В эпилоге своей книги о Владимире Раевском «Первый декабрист» исследователь Н. Эйдельман приводит рассказ: 10 февраля 1925 г., в 88 годовщину смерти Пушкина, на его последней квартире (Мойка 12) знаменитый литературовед, академик Нестор Котляревский прочитал «странный доклад»: «Кем бы стал Пушкин, если бы не погиб в 1837 году, а продолжал жить хотя бы до конца царствования Николая I и до 1860-х годов?». В докладе говорилось о том, «как тяжело жилось бы Пушкину и какие бы ожидали его душевные драмы». Он стал бы камергером, со звездой Анны 1-й степени, но должен был бы лечь «между молотом все более и более недоверчивой и суровой власти и наковальней созревающего общественного мнения». Он радовался бы реформе 1861 года, «но вскоре бы разглядел на горизонте грозовые тучи». И нелегко перенес бы «отрицание его поэзии молодыми людьми, уверенными в том, что все истины в их кулаке зажаты». Выходило, что «все же хорошо для Пушкина всего этого не знать». Академику горячо возражал П. Е. Щеголев: «Пушкин пришел бы к революционно-демократической идеологии в духе Белинского и его последователей» (393-94). Своего мнения Эйдельман не высказывает. Но создается впечатление, что он скорее на стороне Котляревского. Очень возможно, что он и прав. Революционным демократом Пушкин вряд ли стал бы. Но здесь возникает вопрос: сколько бы еще успел написать Пушкин, если бы прожил до 1860-х годов? Ведь убит в тридцать семь лет.

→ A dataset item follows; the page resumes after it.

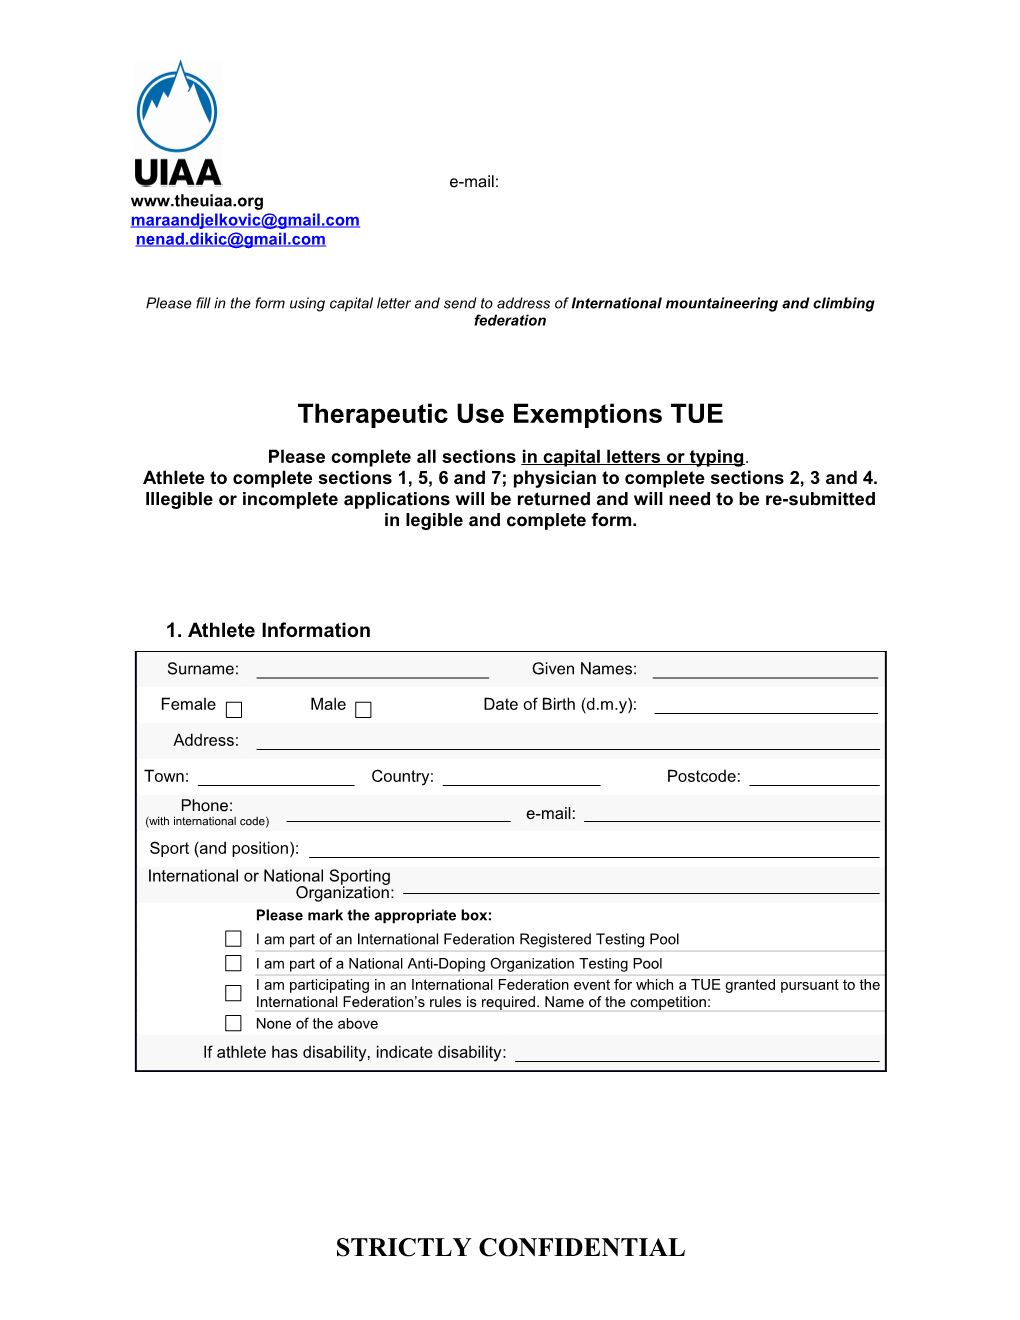 Therapeutic Use Exemptionstue

Я не останавливаюсь на вопросе юбилеев Пушкина и торжеств, посвященных его памяти, лета 1880 г. (открытие памятника Пушкина в Москве, выступления Тургенева и Достоевского), 1887 г. (пятидесятилетие со дня смерти), 1899 г. (столетие со дня рождения), 1912 г. (семидесятипятилетие со дня смерти), 1937 г. (сто лет со дня смерти) и 1999 г. (двести лет со дня рождения). Каждая из этих дат, отмечавшаяся иногда помпезно, иногда более скромно, оживляла память о поэте. Устраивались юбилейные выставки, читались доклады, издавались сочинения Пушкина, пушкиноведы публиковали новые исследования, нередко весьма ценные. Были и курьезы. К столетию со дня рождения выпущен «Юбилейный ликер А. С. Пушкина», а к двухсотлетию водка «Пушкин». В потоке парадной шумихи появлялись статьи, книги, имеющие весьма косвенное отношение и к литературоведческой науке, и к Пушкину вообще (Сироткина. А. С. Пушкин: страницы из истории российских изданий по психологии и психиатрии).

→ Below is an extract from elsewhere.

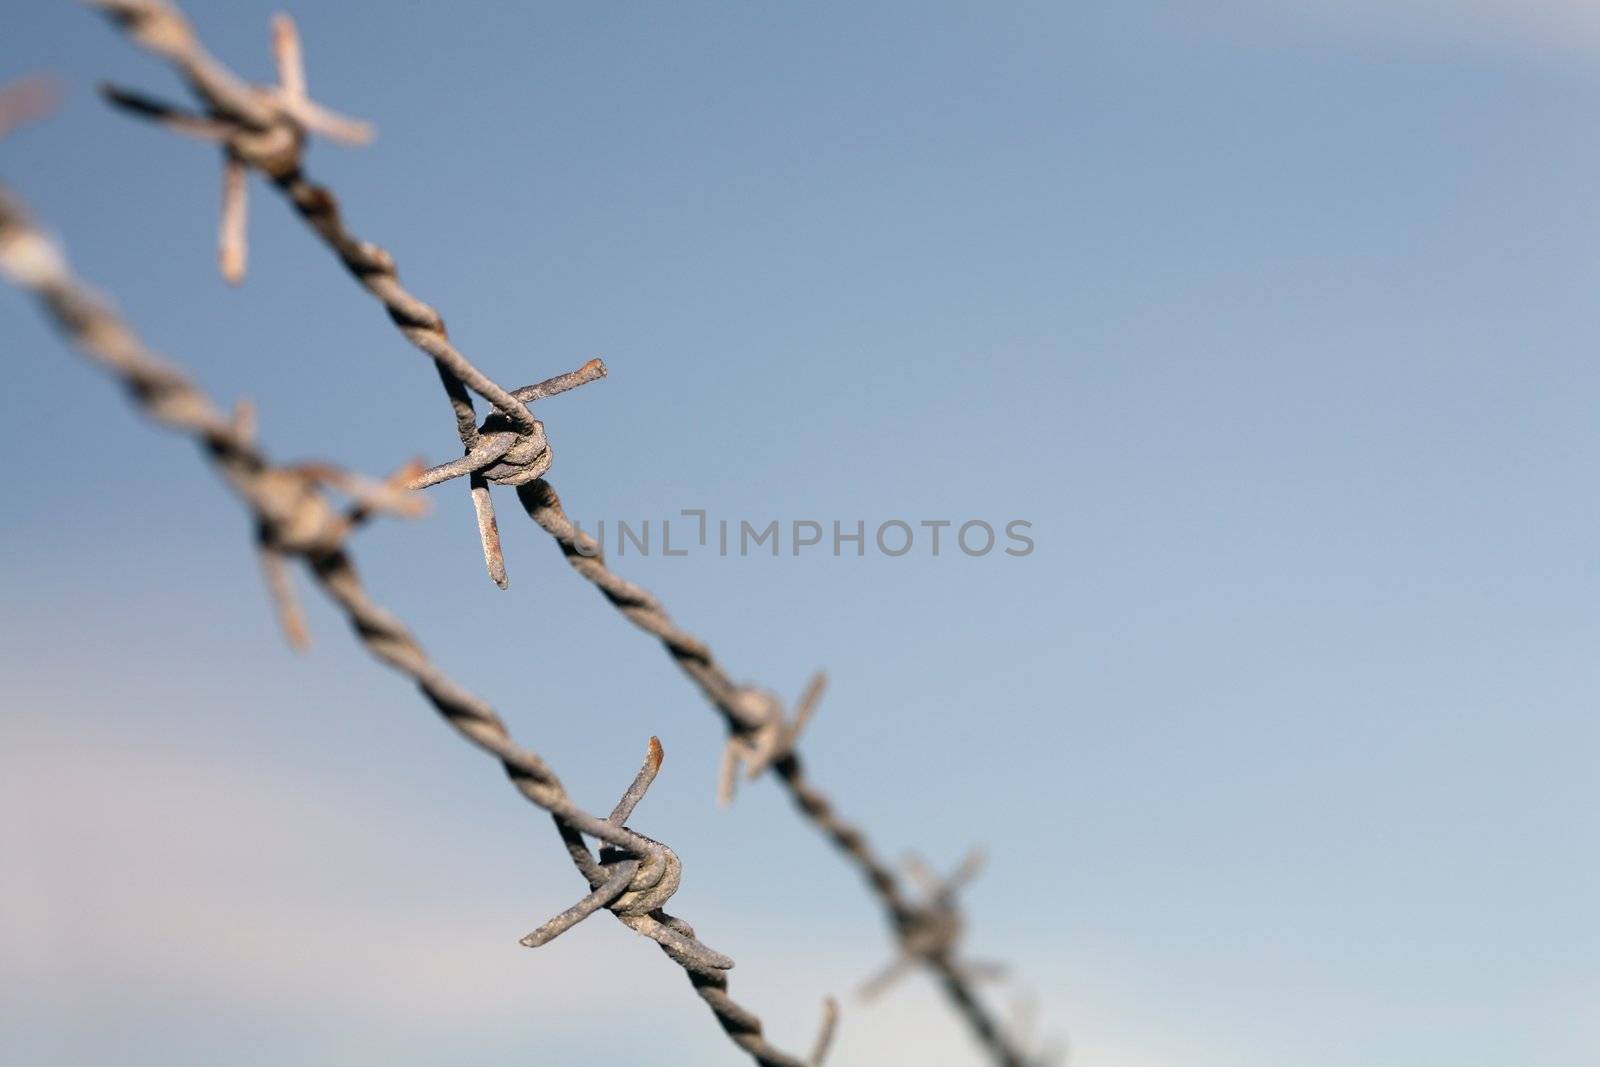 Barb wire by Stocksnapper

Была в юбилеях, как правило. и политическая подоплека. До революции она определялась стремлением доказать, что Пушкин в тридцатые годы отказался от «грехов молодости», стал консерватором, идеологом дворянства, православия, религиозным, официальным патриотом, верным другом царя и русской церкви (в Житомире даже памятник ему поставили с надписью: «Дворянину Пушкину»). Когда во время столетнего юбилея К.Е.? Якушкин в Московском обществе любителей российской словесности (затем в печати) заявил, что Пушкин после разгрома декабристского восстания не изменил своих взглядов, на него дружно набросилась консервативная пресса («Московские ведомости», «Гражданин»). Вольнолюбие поэта отрицала, с других позиций, и группа социал-демократов Ярославля, осуждая Пушкина. Группа выпустила брошюру, в которой утверждала, что Пушкин всегда был не другом народа, а другом дворянства, царя, буржуазии, а о народе высказывался с высокомерием потомственного дворянина. И все же начальство предпочитало «не допускать либеральных манифестаций», связанных с юбилейными пушкинскими датами.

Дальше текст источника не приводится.